How to configure the train-test split of a classification or regression app?

This guide will show you how to configure the train-test split of classification and regression apps.

This guide will show you how to configure the train-test split of classification and regression apps

Note: For more information about the train-test split, see here.

Configuring the train/test split

    Train/test split can be configured for classification and regression apps as part of the app creation process.

    Choose your dataset, then the column that you want to predict, and then confirm the recommended prediction type from the three options shown:

    • Predict a numeric value (regression)

    • Predict a label from a list of labels (multi-class classification)

    • Answer a yes/no question (binary classification)

    This process is explained further in this article.

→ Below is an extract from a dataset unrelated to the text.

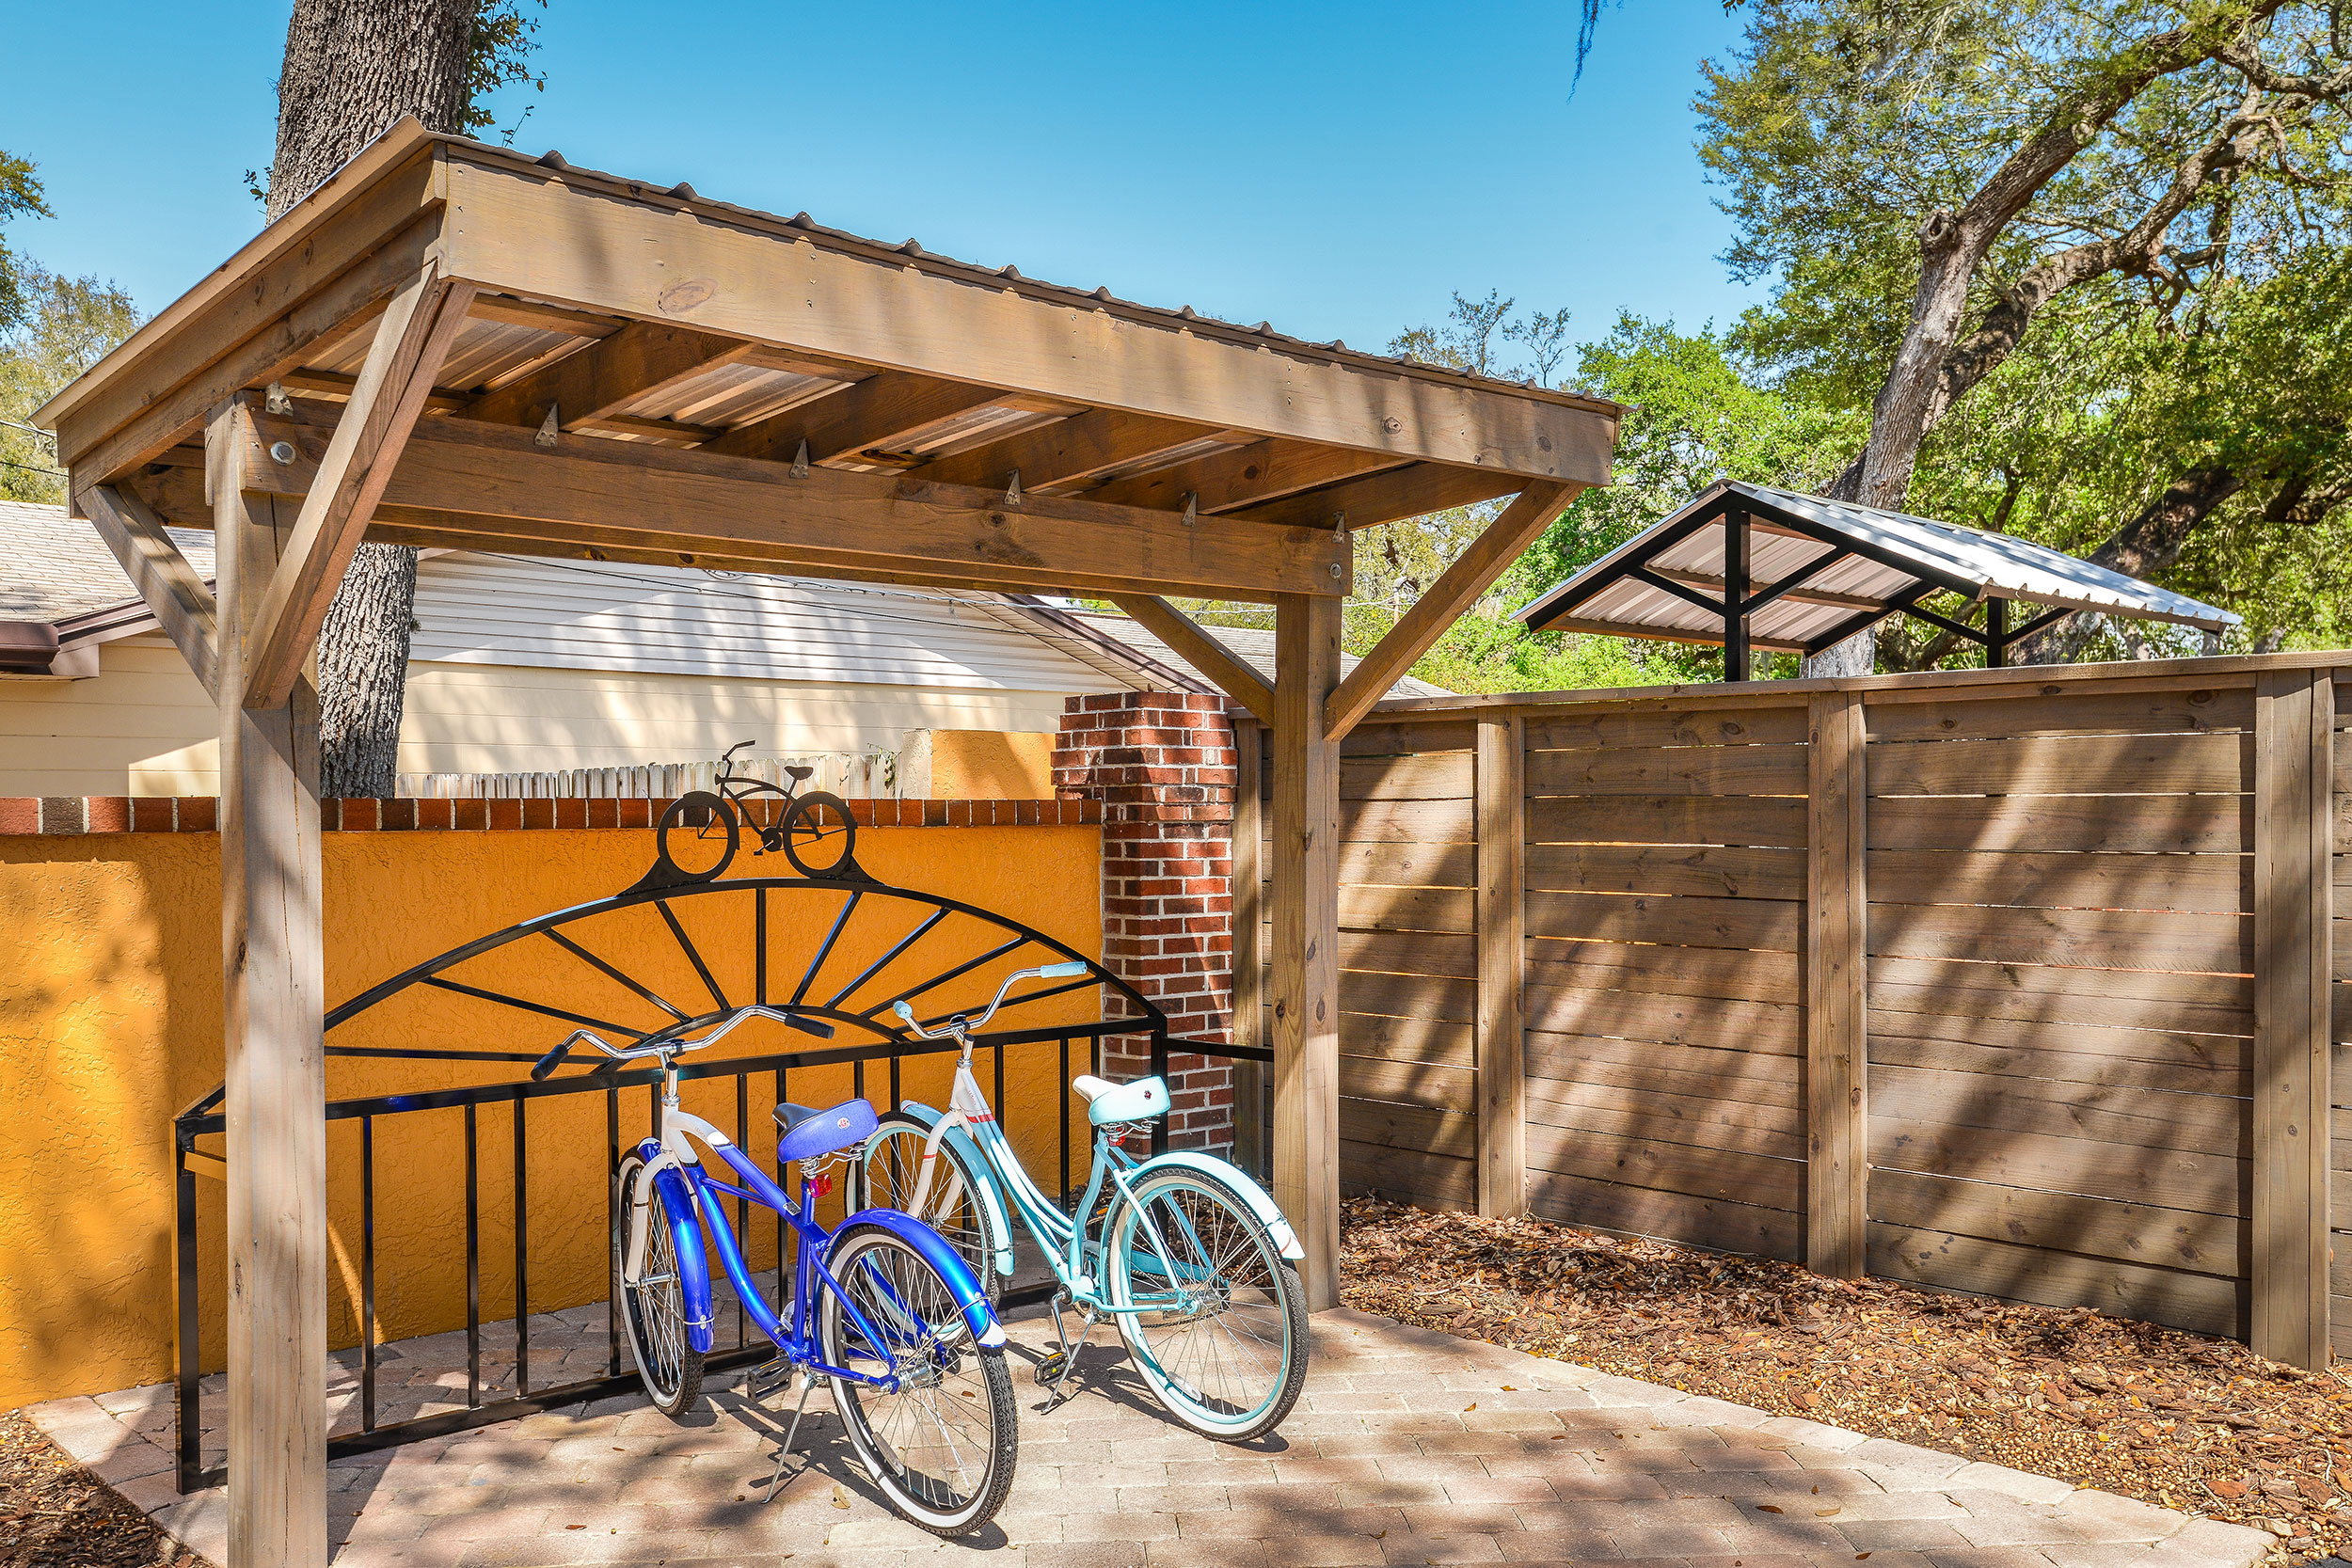 Harp-amen-bike-rack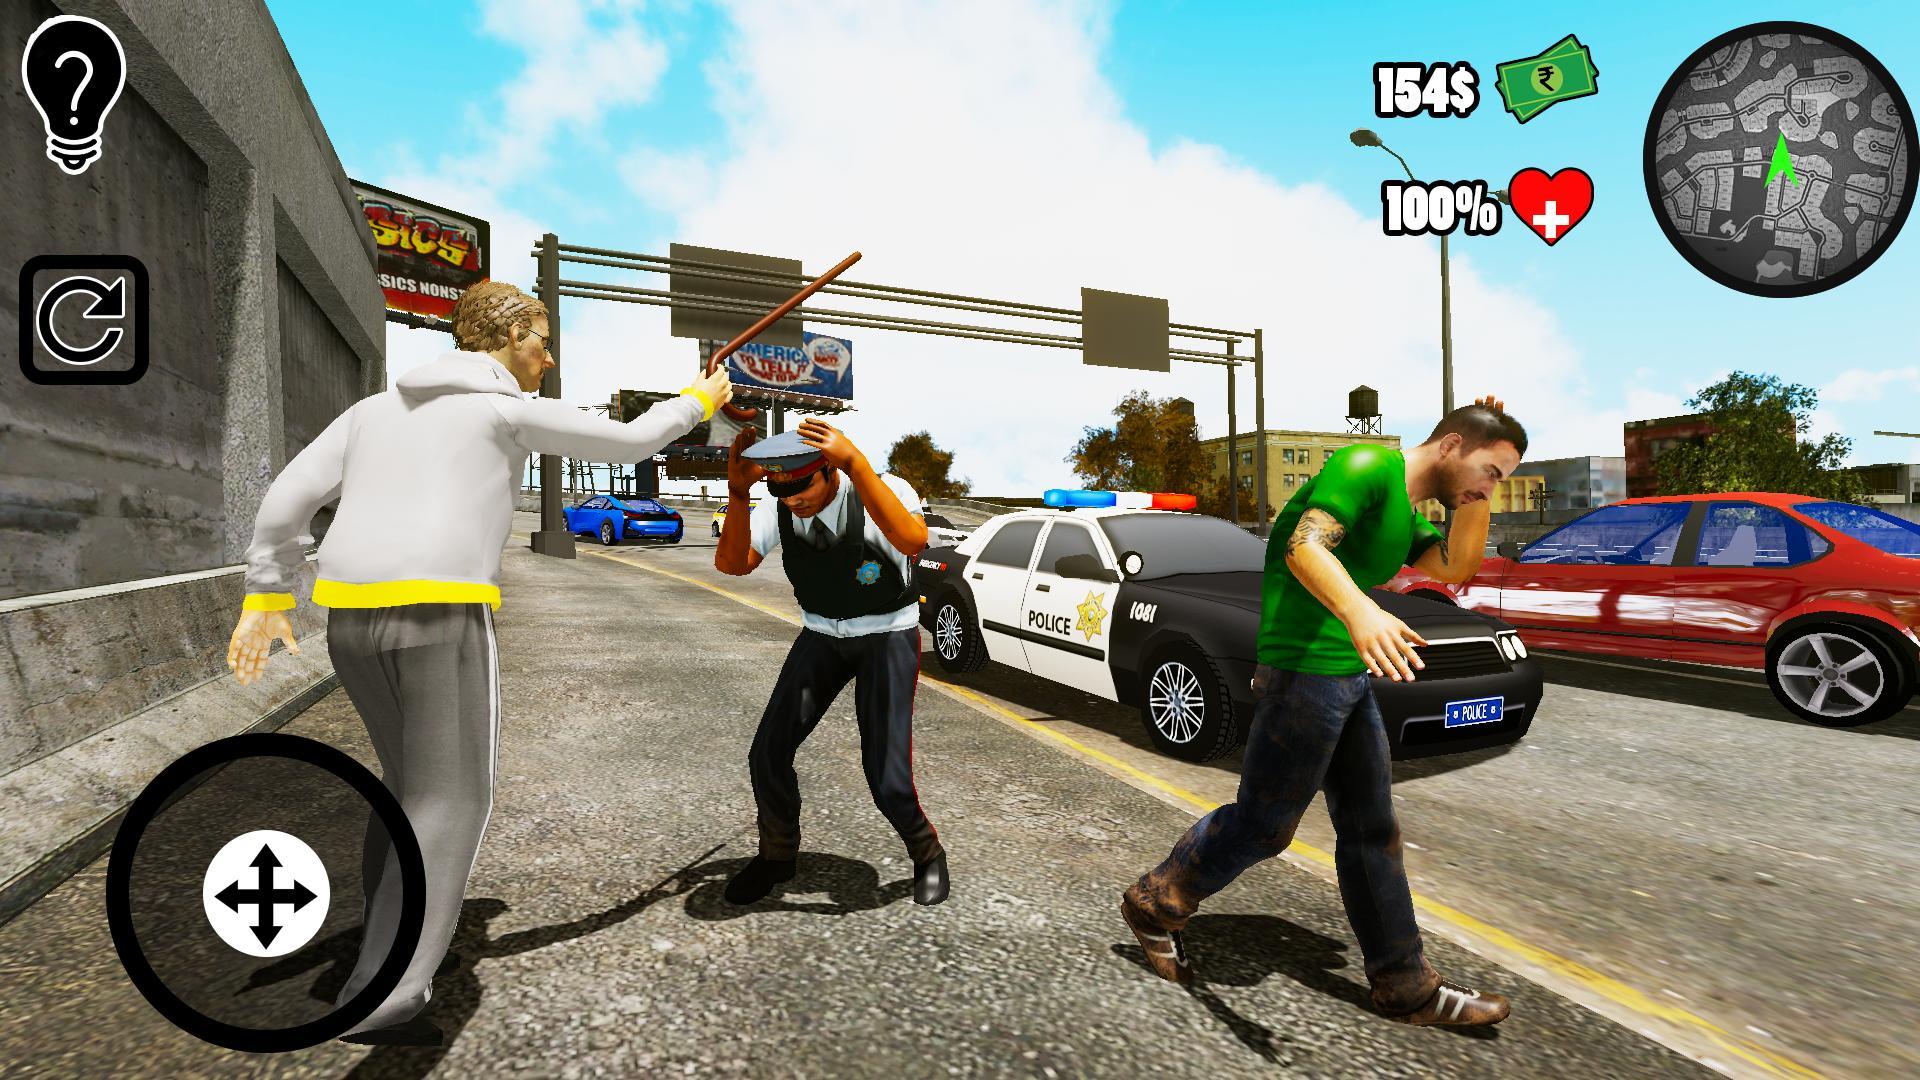 San Andreas Angry Grandpa 1.0 Screenshot 1

    Then in the final step, click on “Additional Configurations” to expand it. You will see a slider to choose the train/test split:

    train_test_split

      If you are a user with more experience in train/test split configuration, you can choose the desired train/test split by dragging the slider.

      The slider shows the percentage of data to be used for train portion. The rest of the data is used as the test portion for evaluation.

      For the regression, i.e., “predict a numeric value”, the allowed range for train percentage is 1 to 99.

      For the other options i.e., binary and multiclass classification, the allowed range for train percentage depends on the number of instances of the least frequent class label. This is to guard against undesirable failures in the model-training process. If you choose a train percentage that is too high or too low, you will not be able to proceed further. You will see an error message instructing to you the allowed range for train percentage for your dataset:

      image-20220824-131836

      Caution: Once an app is created, users cannot change the train-test split ratio.